Él descubrió la obra de Esteban Salas que se consideraba perdida; sin embargo, han vuelto otros sobre sus pasos para enriquecer su hallazgo, interpretando las partituras del músico dieciochesco. Muchos otros documentos han sido encontrados, pero hay que volver siempre a La Música en Cuba y muy probablemente sea porque ésta también es una novela.
Todo ese gran sedimento musical, pasa a formar parte integrante
del universo maravilloso en el que se mueven los personajes de su narrativa de
ficción y no solamente como un elemento de contenido, sino que Carpentier se
vale de las formas musicales para estructurar sus textos.
En la novela El Acoso, la III
sinfonía de Beethoven es, además de un elemento del contenido, el motivo que da
unidad a todo el conjunto. Es la música la que nos lleva del taquillero
al acosado; del refugio del uno a la sala de conciertos del otro.

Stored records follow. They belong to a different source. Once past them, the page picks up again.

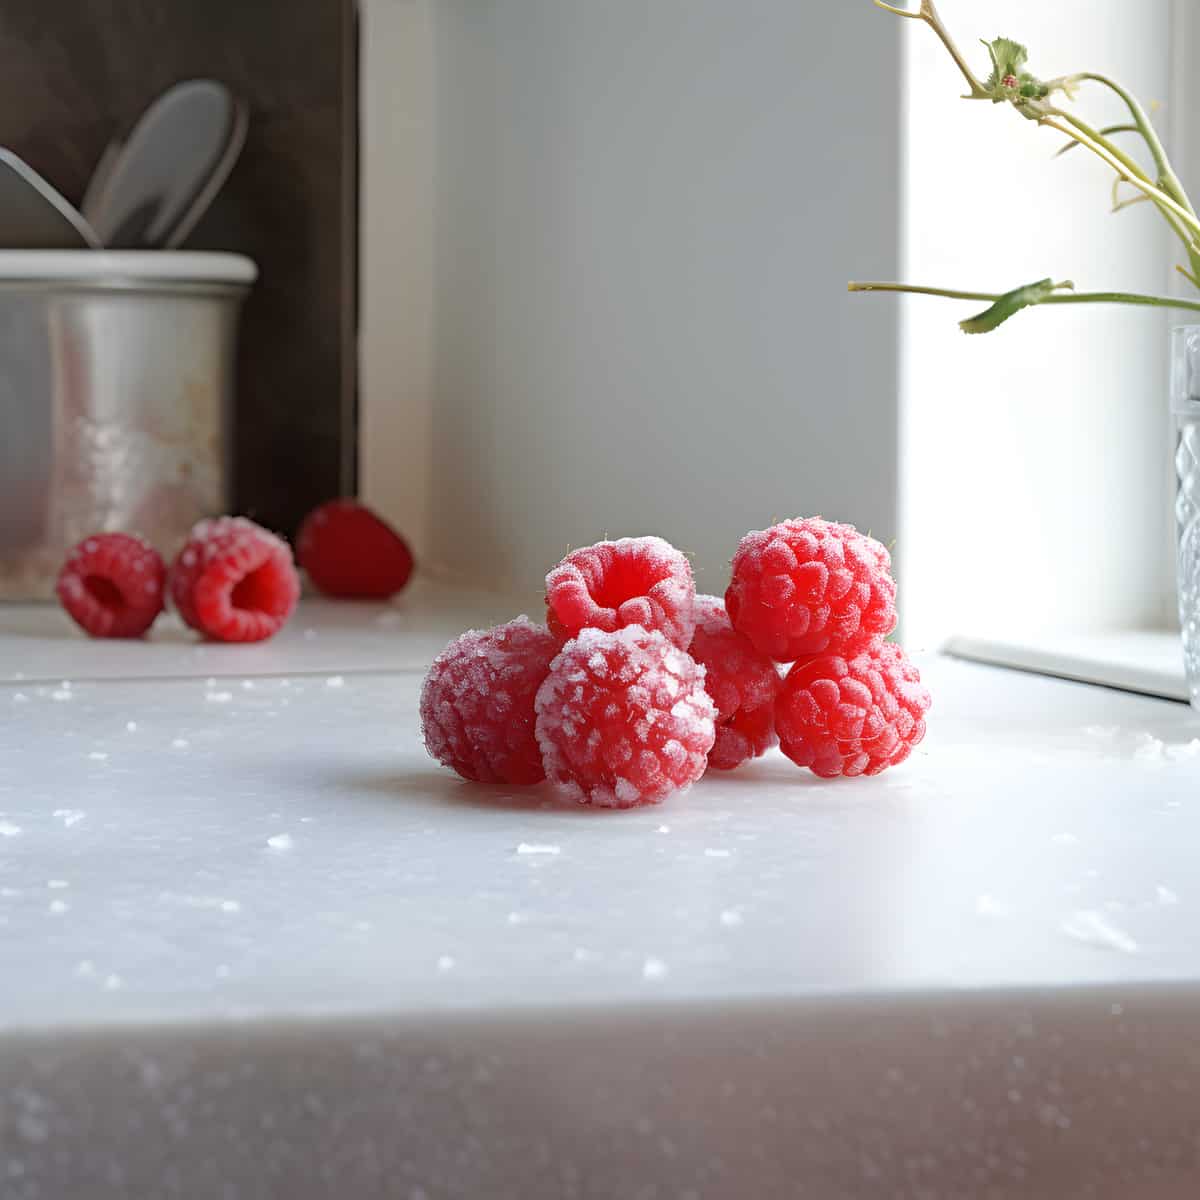 Snow Raspberry on a kitchen counter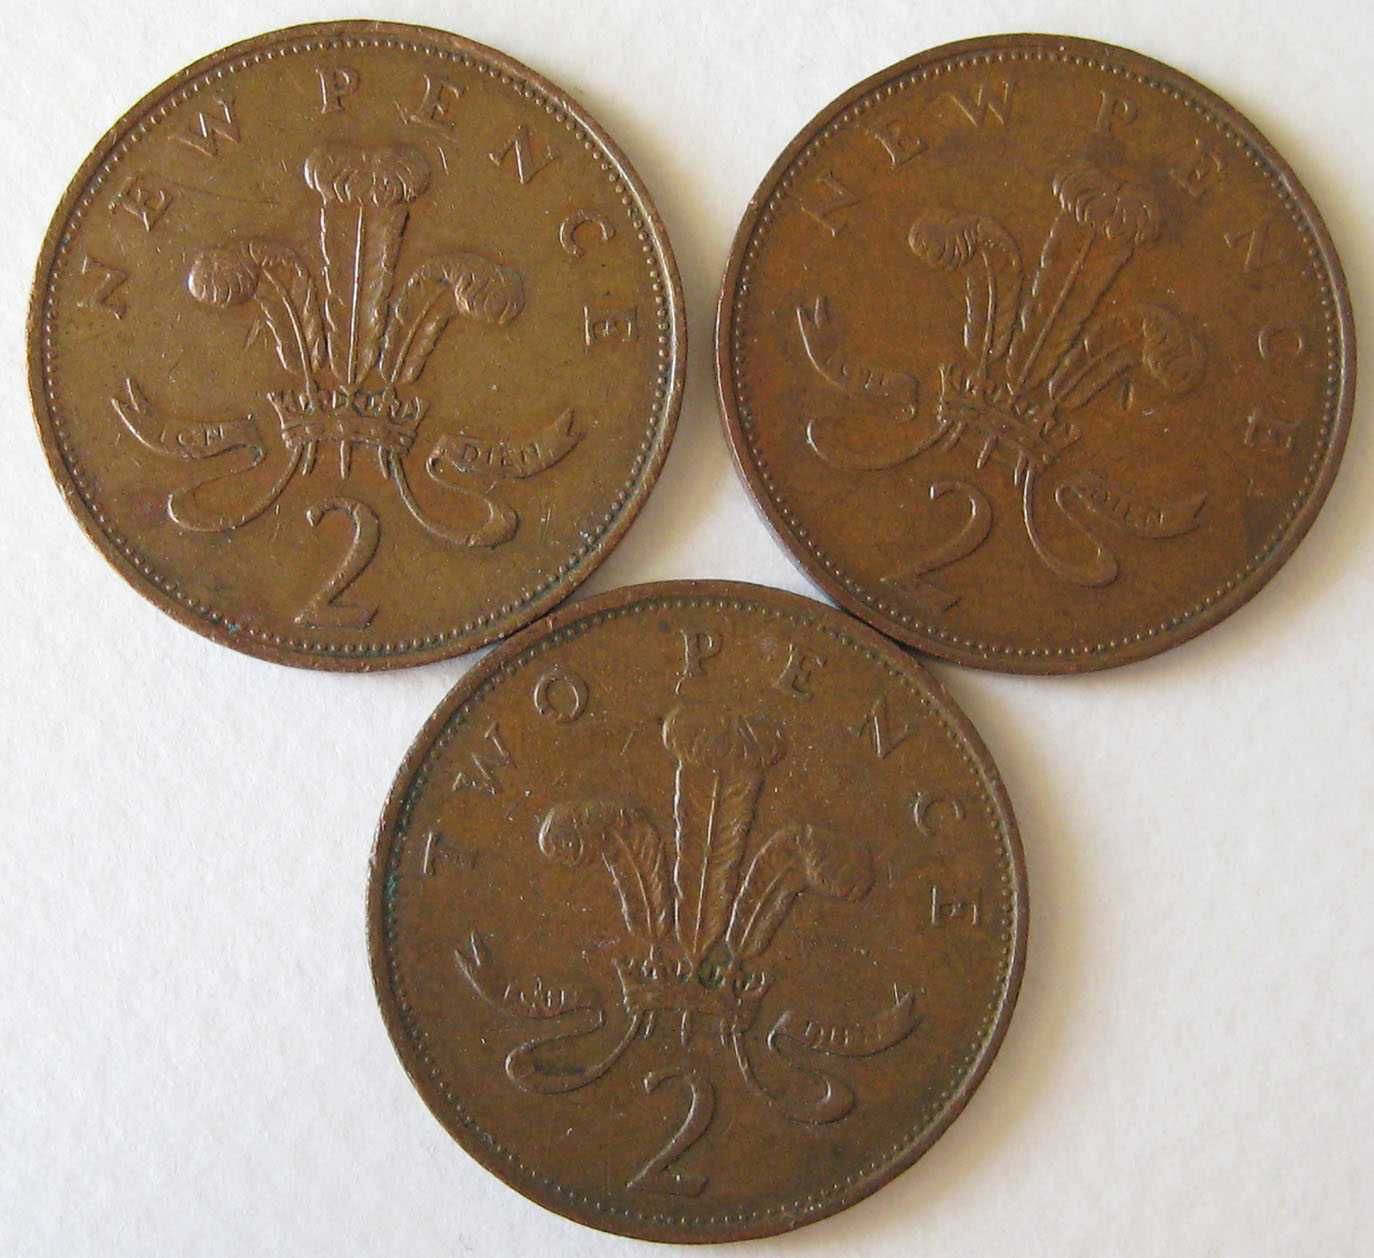 New Penny New Pence 1 2 10 Монети Англія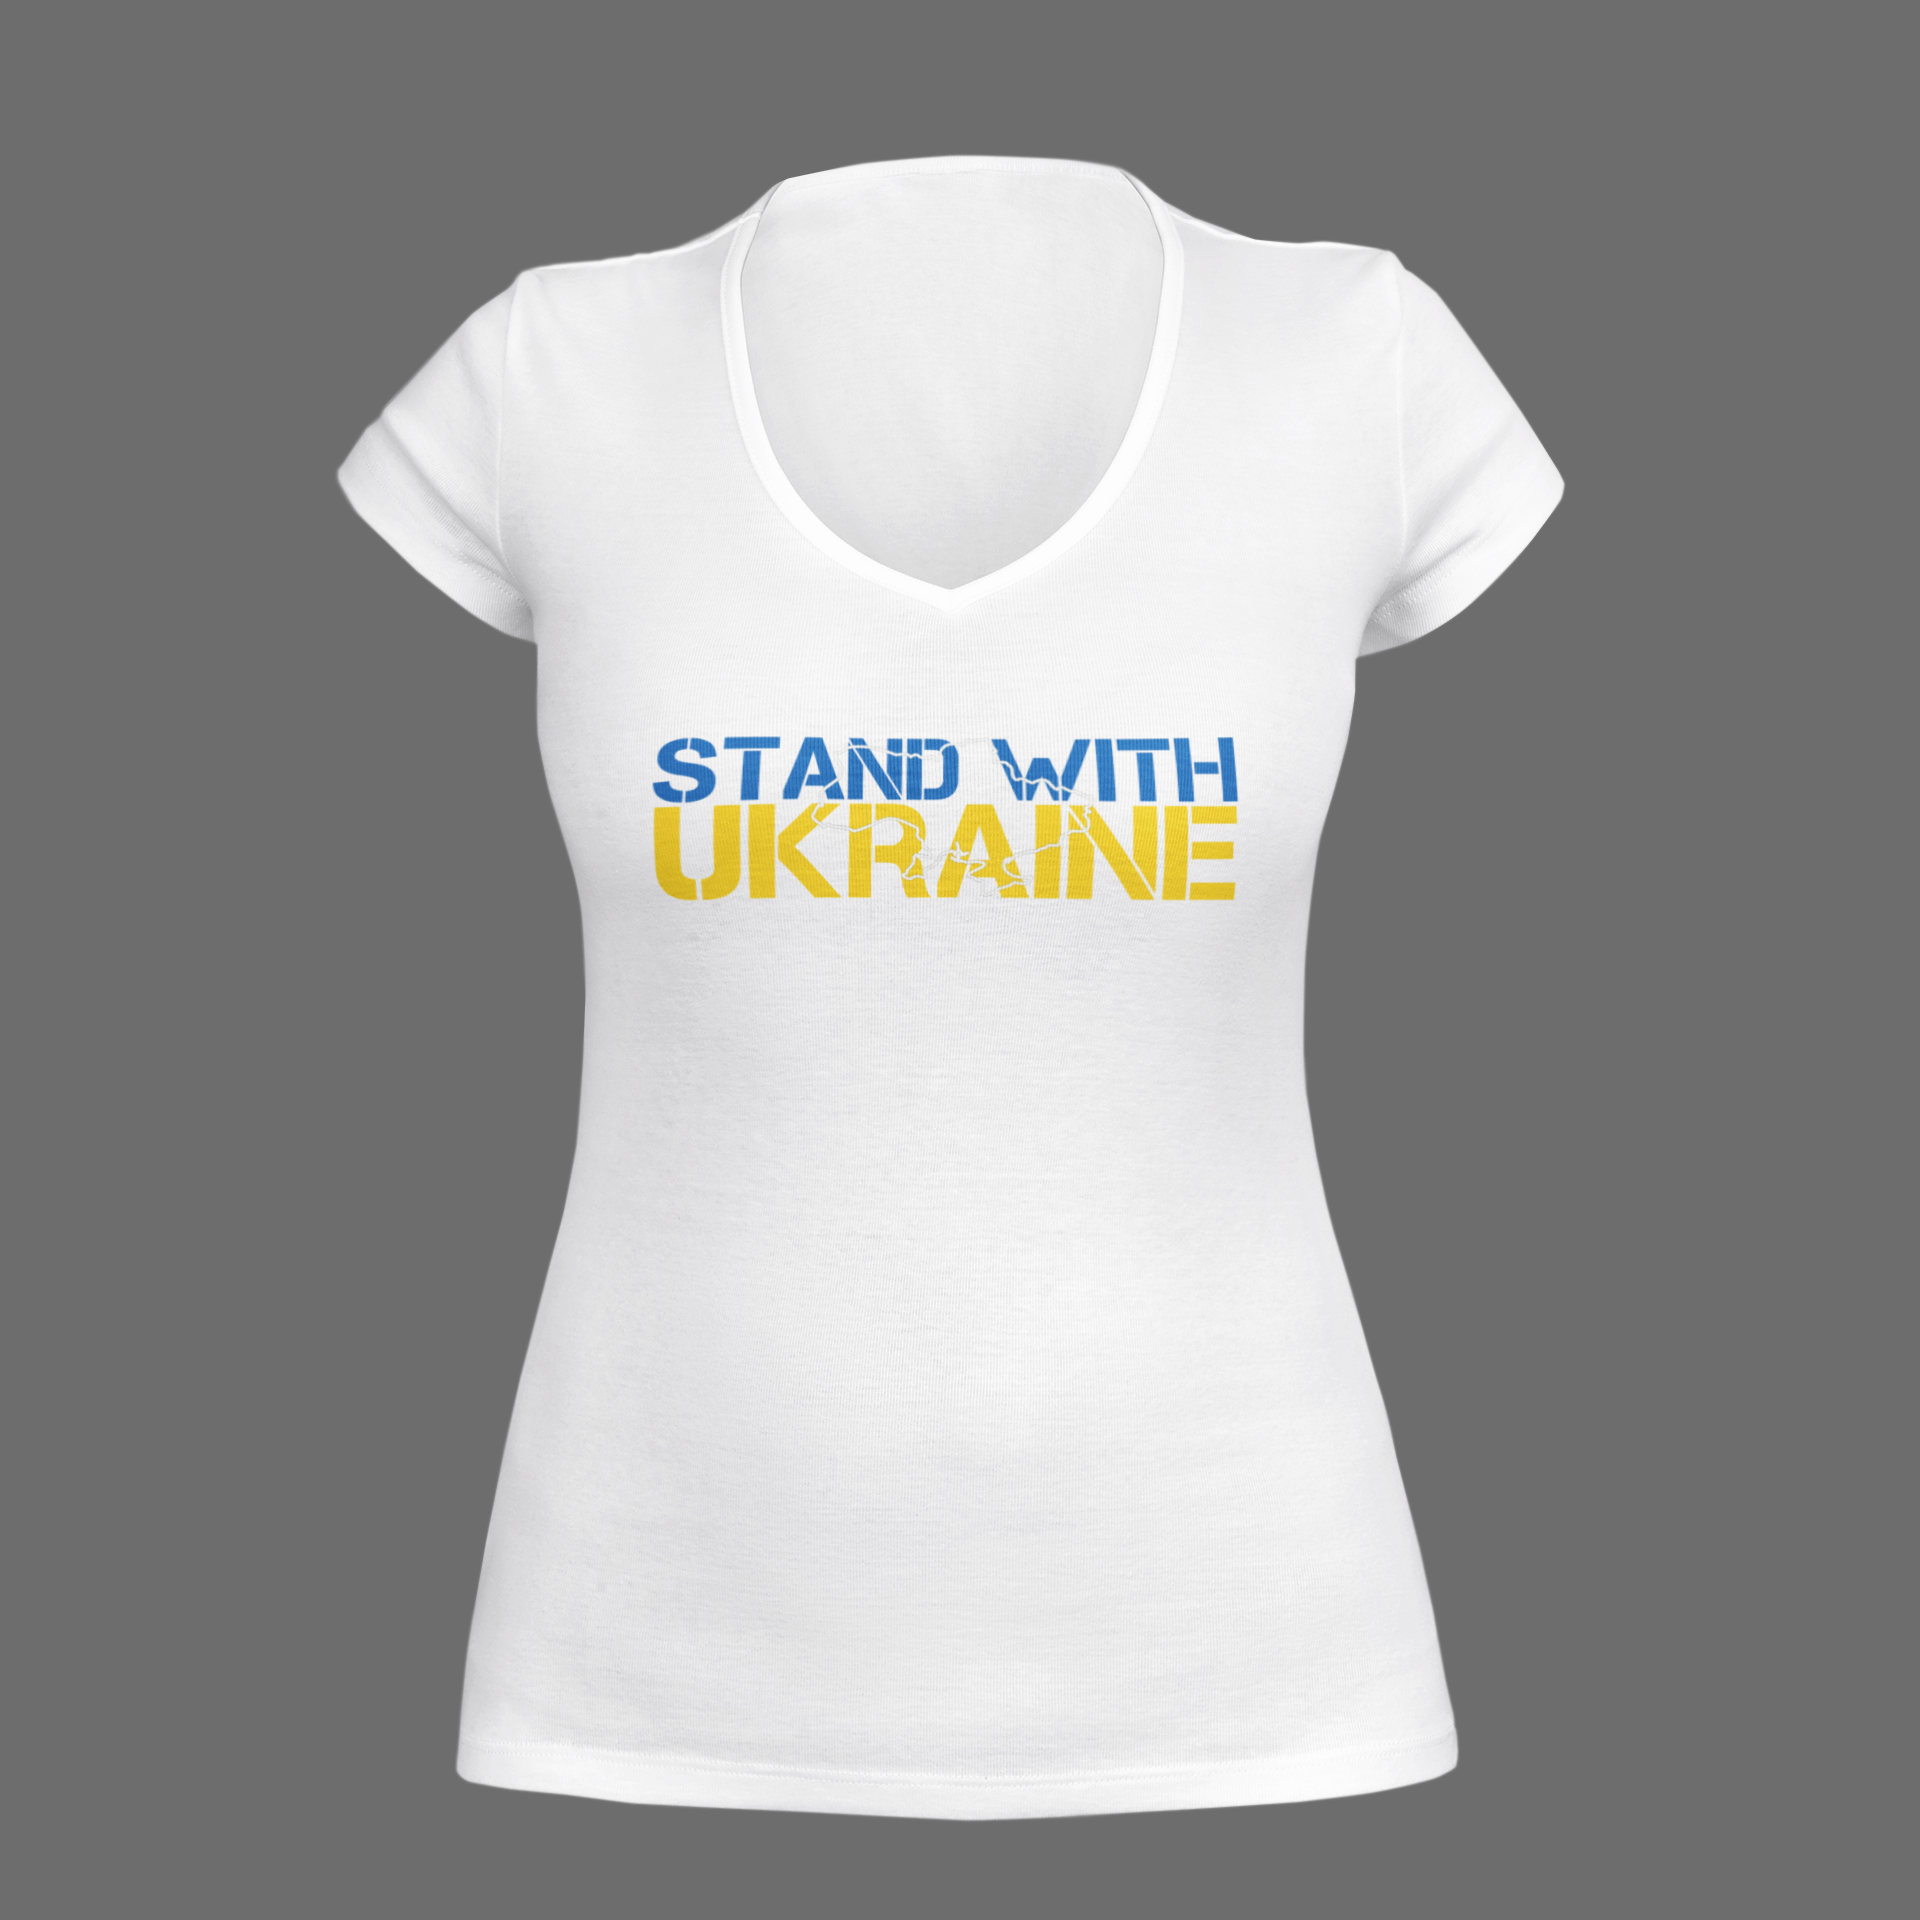 Stand with Ukraine Women's V-Neck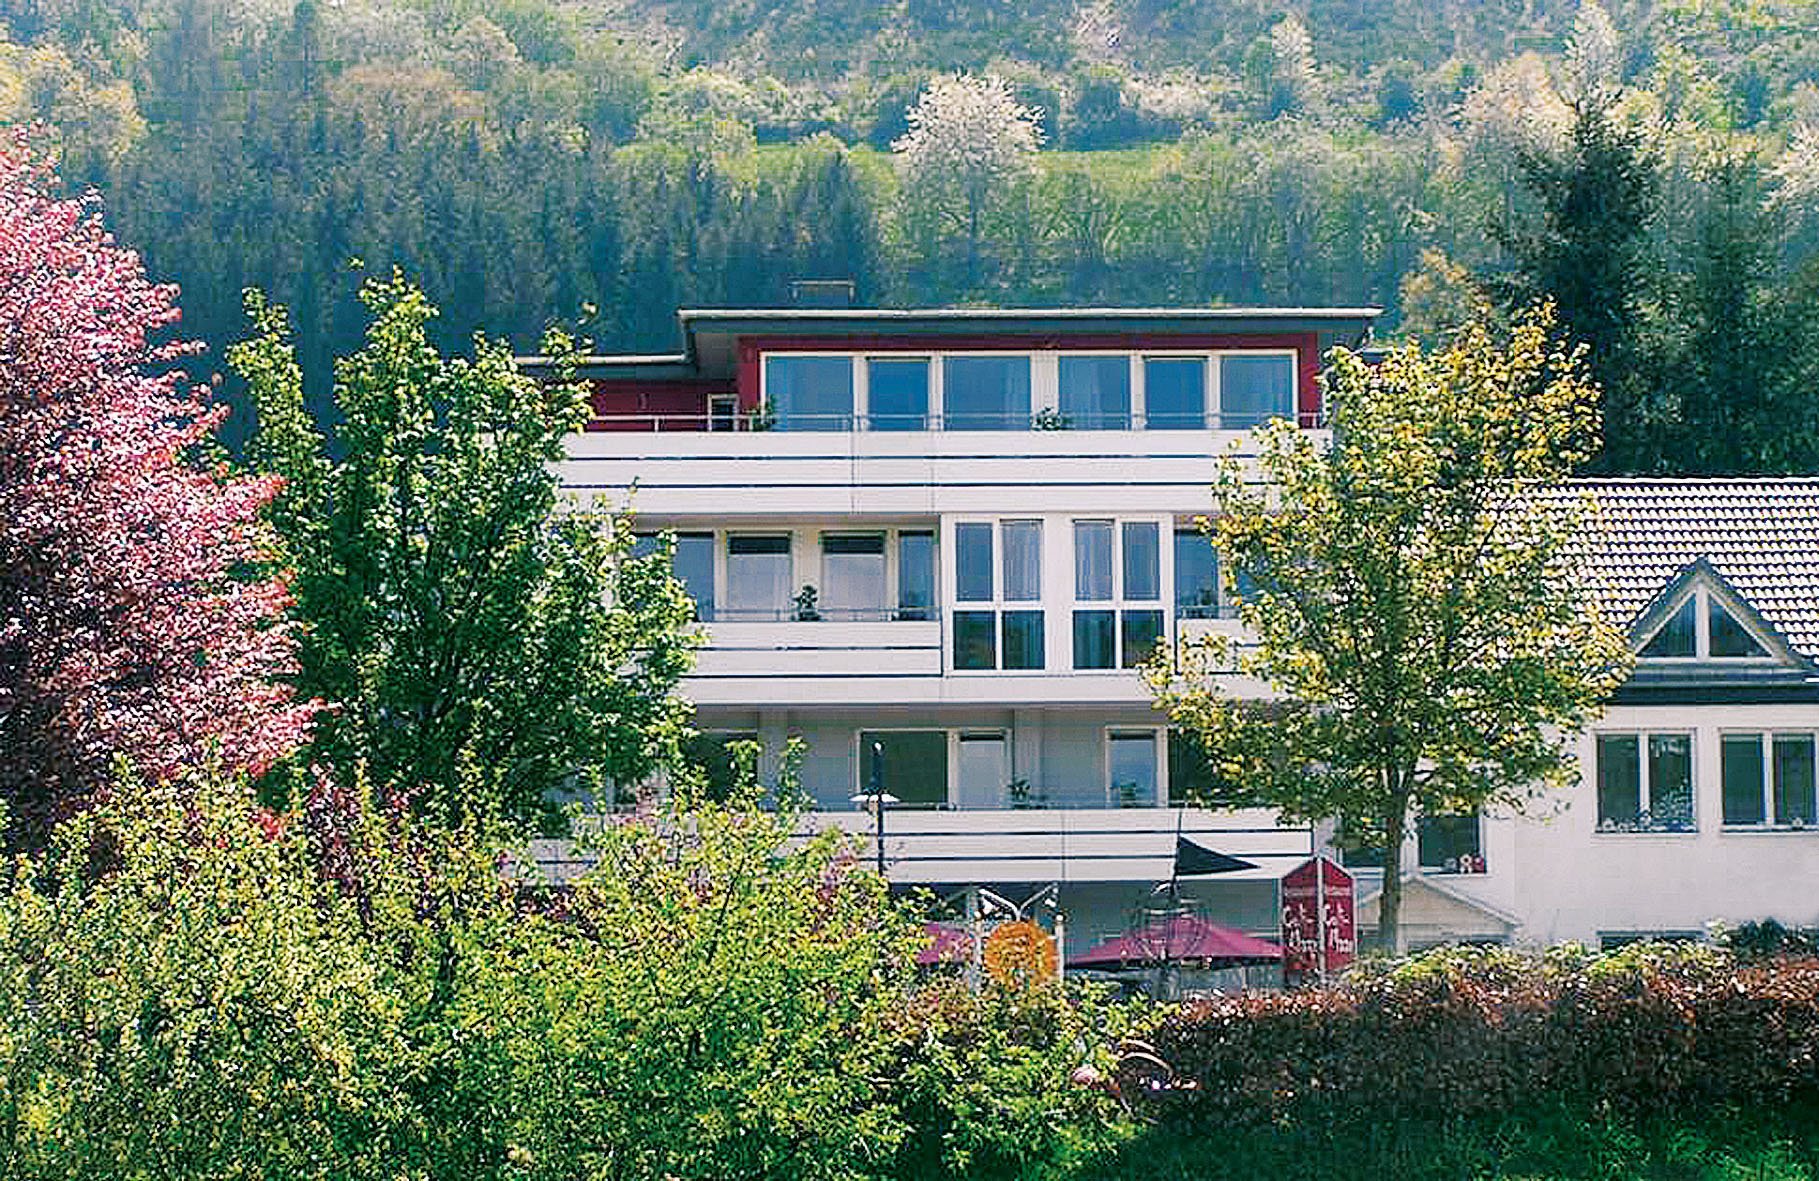 4 Tage Wandertage Eifel – Landhotel Maarium (3.5 Sterne) in Meerfeld, Rheinland-Pfalz inkl. Frühstück

Más aún, en la estructura, el escritor utilizó de un modo genial la forma
sonata para erigir sobre ella el texto.
Sinfonía eroica, composta per festeggiare il
souvvenire di un grand´Uomo, e dedicata a sua Alteza Serenissima il Principe di Lobokwitz, da Luigi
Van Beethoven, Op.53, No.III delle sinfonie...
Y es con la
dedicatoria de la obra musical con la cual el autor se atreve a iniciar su
novela, una obra literaria en la que todo sucederá alrededor de aquellos
sonidos. En ella, como una grandísima prueba de su maestría descriptiva,
Carpentier hace que la pieza musical nos llegue en dos versiones: una, la del taquillero,
quien es un diletante conocedor y estudioso de lo que escucha; y la otra, la
del acosado, personaje que por obra del azar deberá, primero,
esconderse en un lugar al que llegan los sonidos de «eso», y luego, evadir a
sus perseguidores entrando a la sala de conciertos donde le asalta la extraña,
sorprendente e inexplicable sensación de conocer «eso» que estaban tocando.
Cuando el
taquillero escucha dos acordes secos, y un tema de trompas
cantado por los violonchelos, bajo el estremecimiento de los trémolos y
advierte que una tenue frase de flautas y primeros violines se alza; el acosado, siente un estruendo en el
escenario... y otro gran estrépito y unos instrumentos que le golpean y siente
que alguien golpea sobre calderos y los violines parecen aserrar las cuerdas,
desgarrando, rechinando sus nervios y dos mazazos con los que termina todo.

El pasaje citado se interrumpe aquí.